Exercise
Look through the data below and output, unchanged, every line from the one holding "LeBron James and" through the one holding "CBSE Class 10", inclusive. Skip the pictures.

Dataset

______________________________

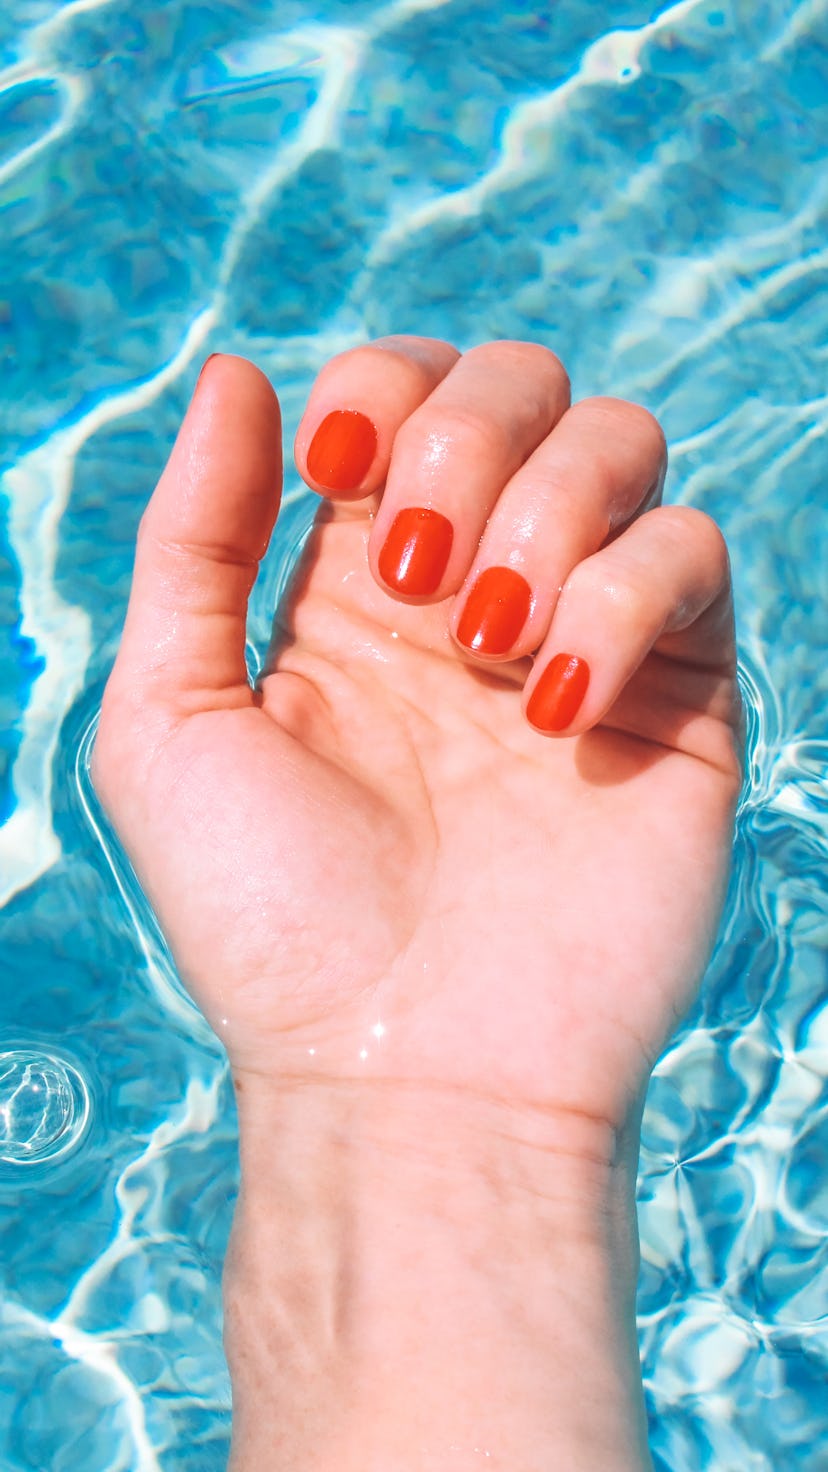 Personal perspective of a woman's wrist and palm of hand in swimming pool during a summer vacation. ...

______________________________

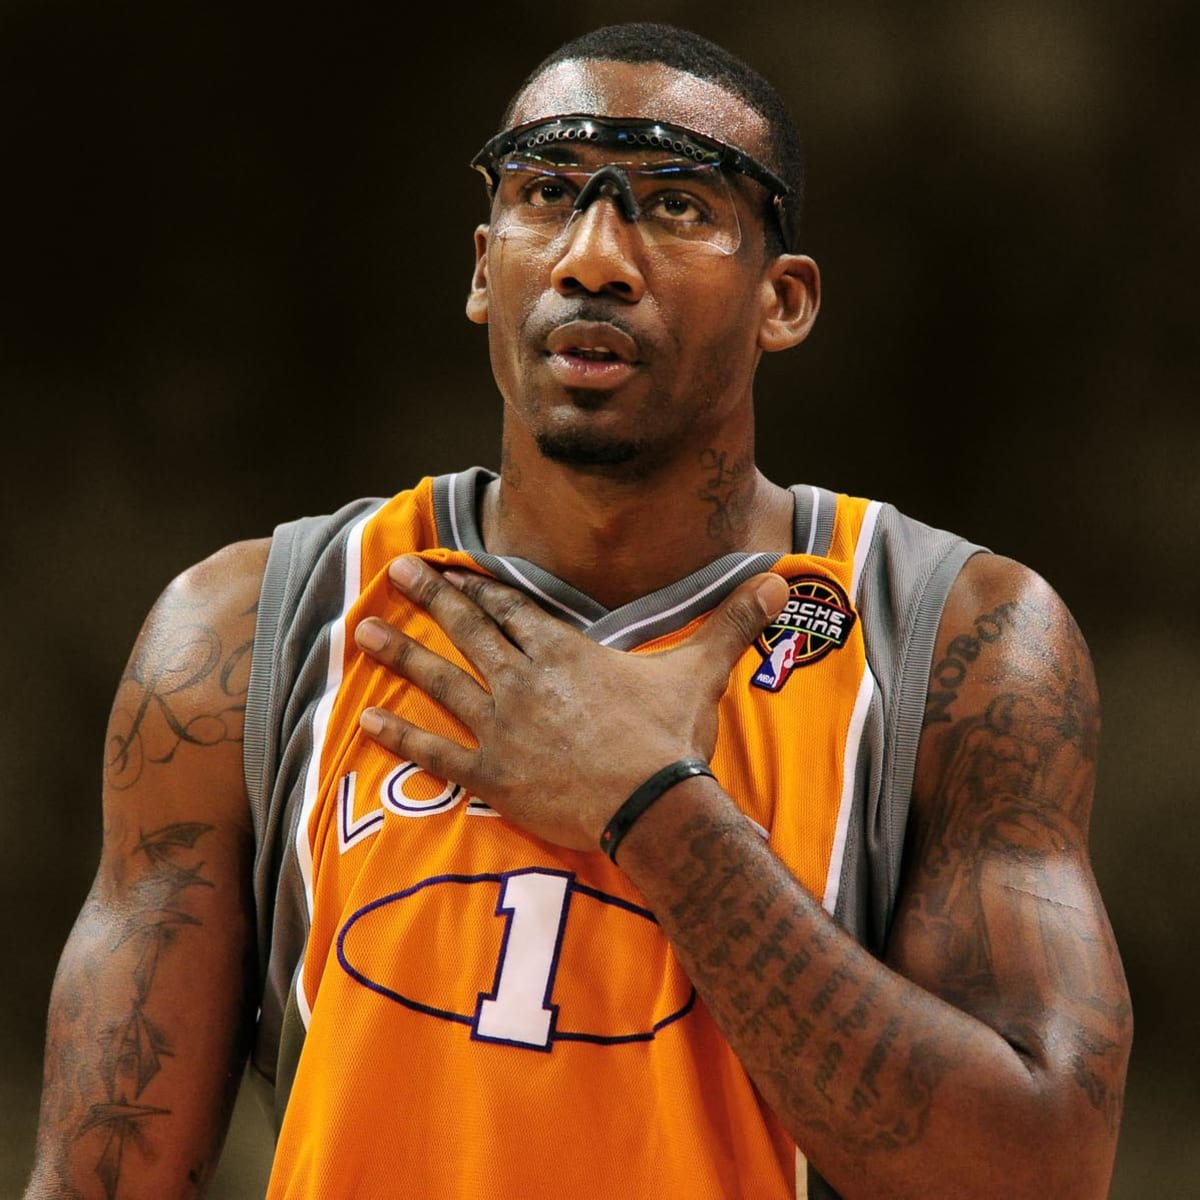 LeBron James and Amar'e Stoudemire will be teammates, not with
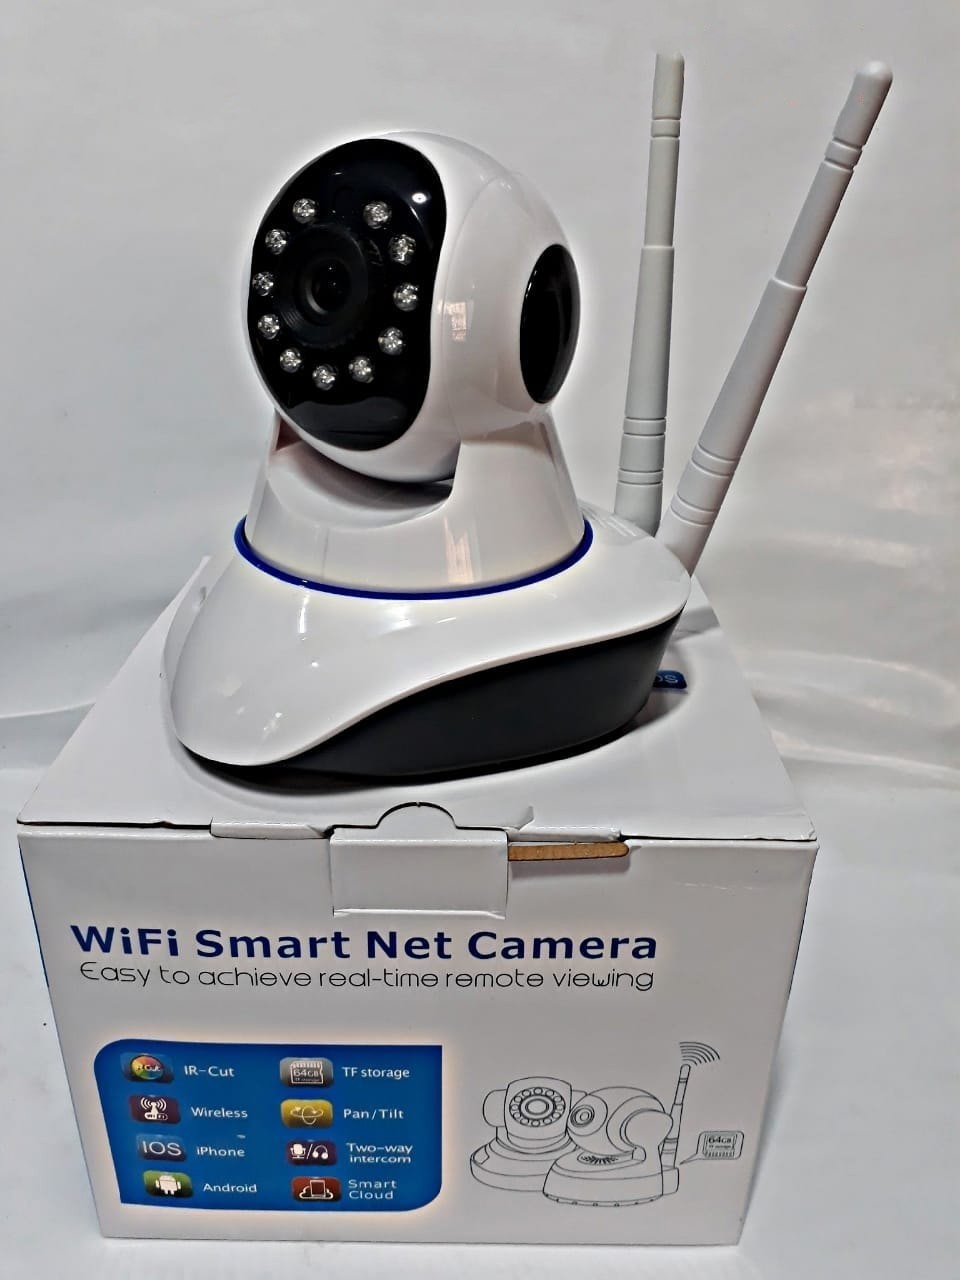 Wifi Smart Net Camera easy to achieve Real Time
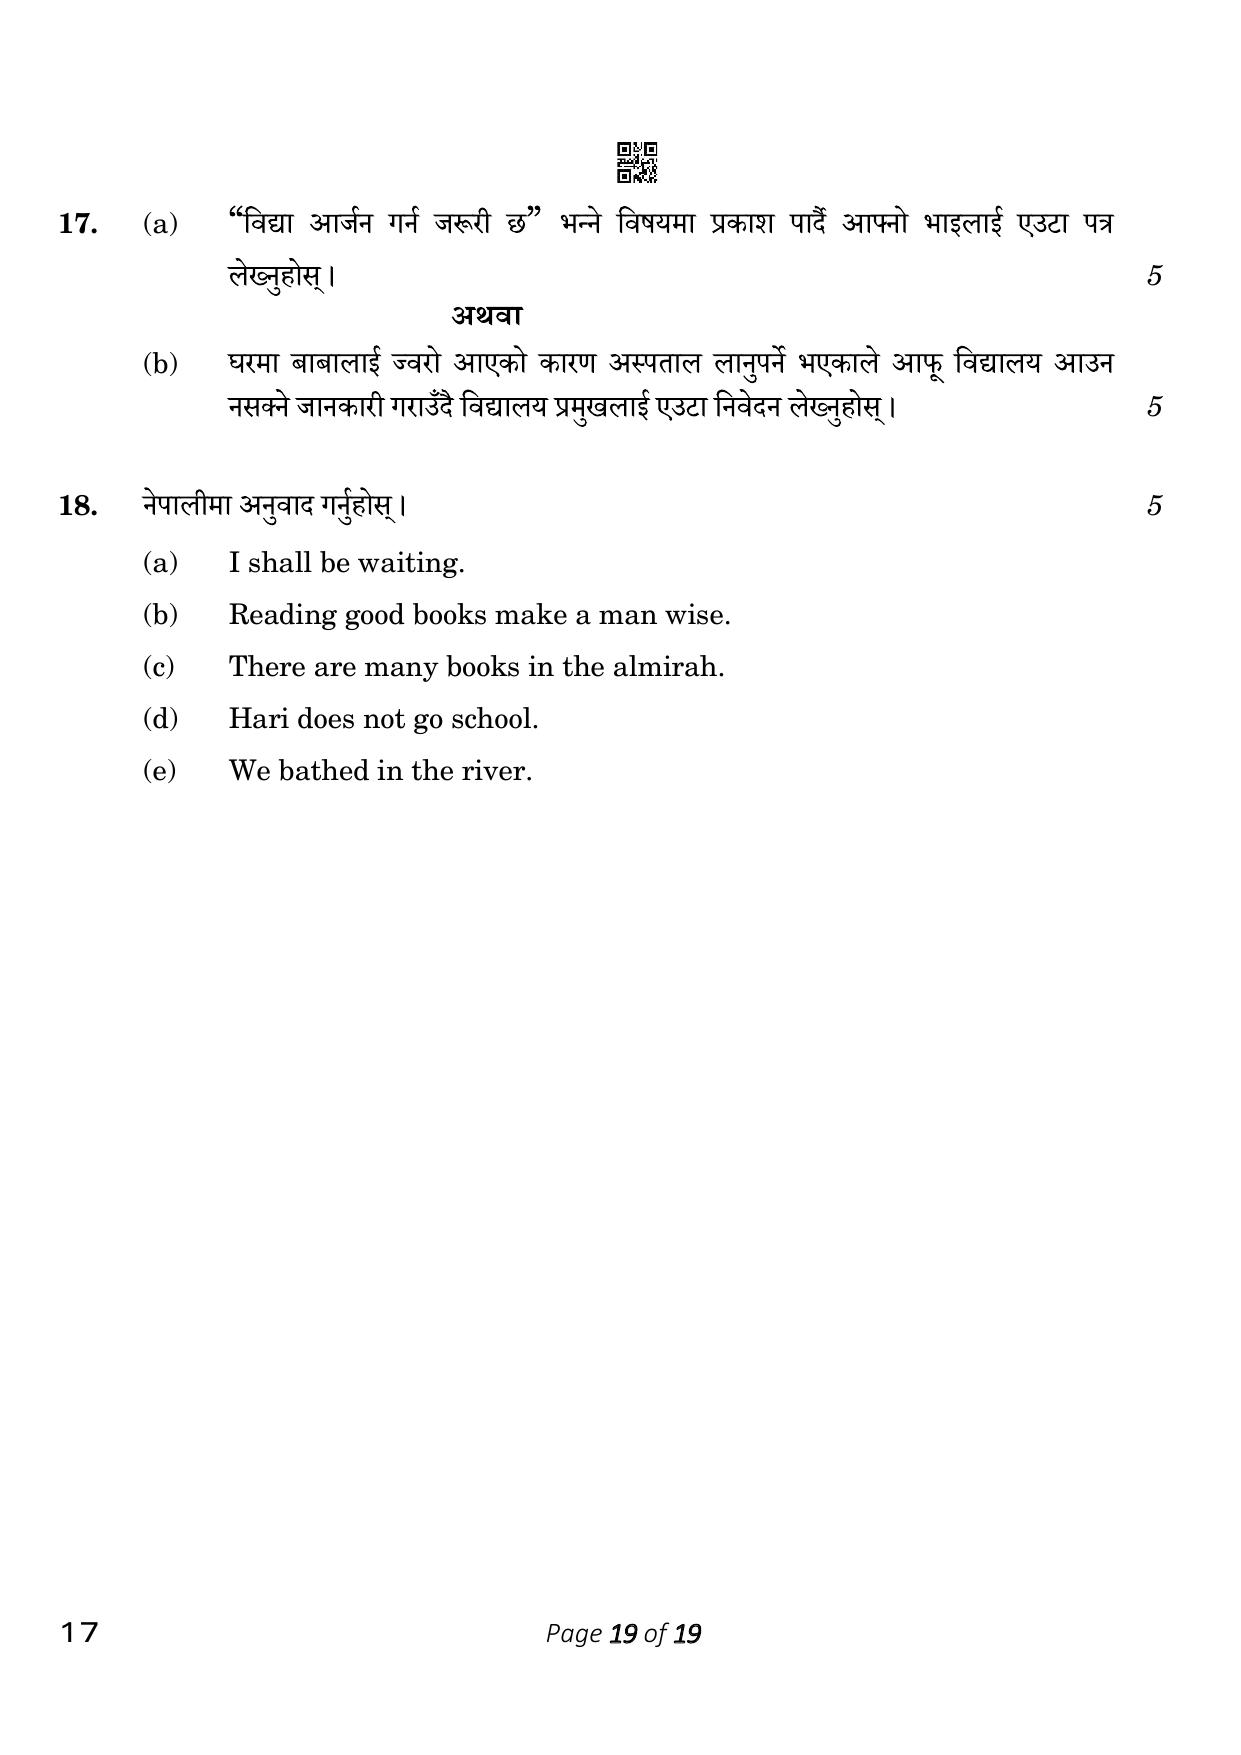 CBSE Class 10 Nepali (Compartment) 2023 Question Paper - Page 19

______________________________

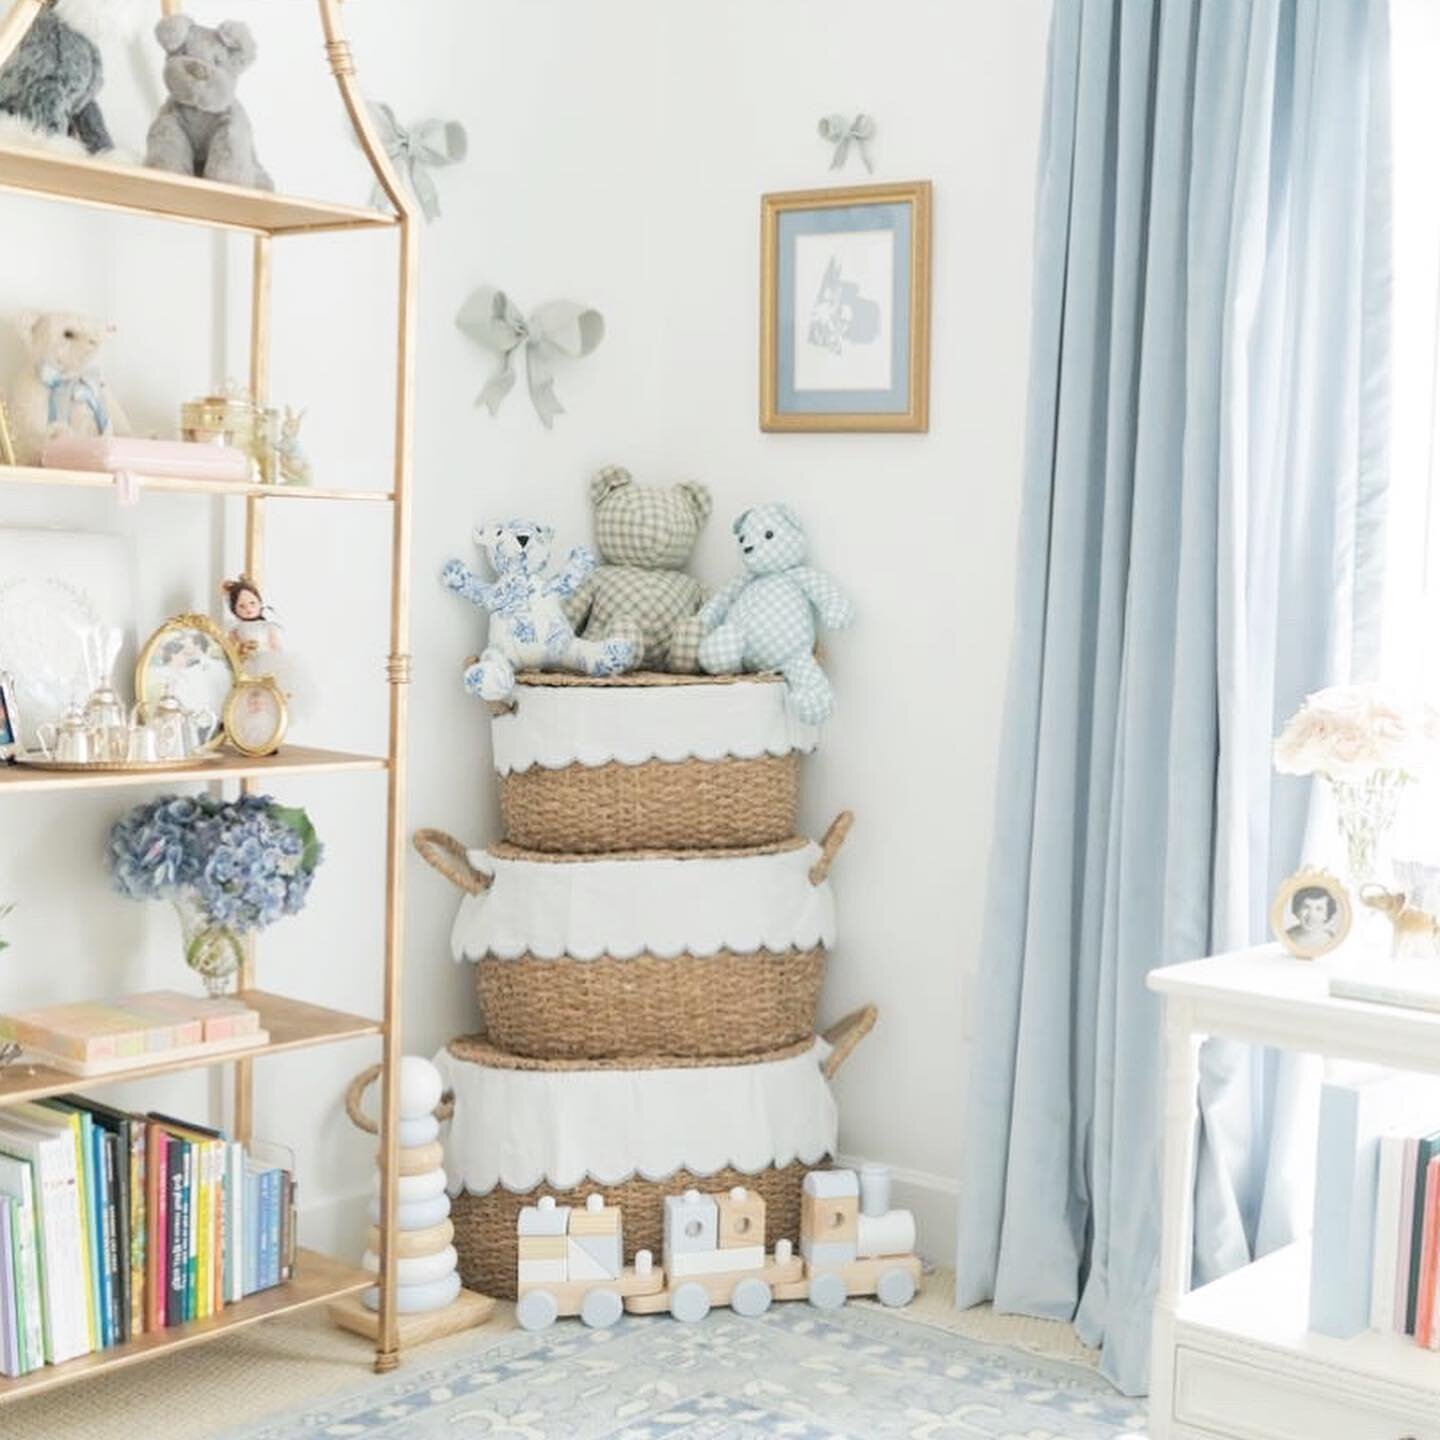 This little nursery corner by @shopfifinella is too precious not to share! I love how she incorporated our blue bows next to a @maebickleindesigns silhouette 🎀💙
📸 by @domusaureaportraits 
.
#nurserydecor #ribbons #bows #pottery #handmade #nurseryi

______________________________

Problem solution
 LeBron James and Amar'e Stoudemire will be teammates, not with
 Wifi Smart Net Camera easy to achieve Real Time
 CBSE Class 10 Nepali (Compartment) 2023 Question Paper - Page 19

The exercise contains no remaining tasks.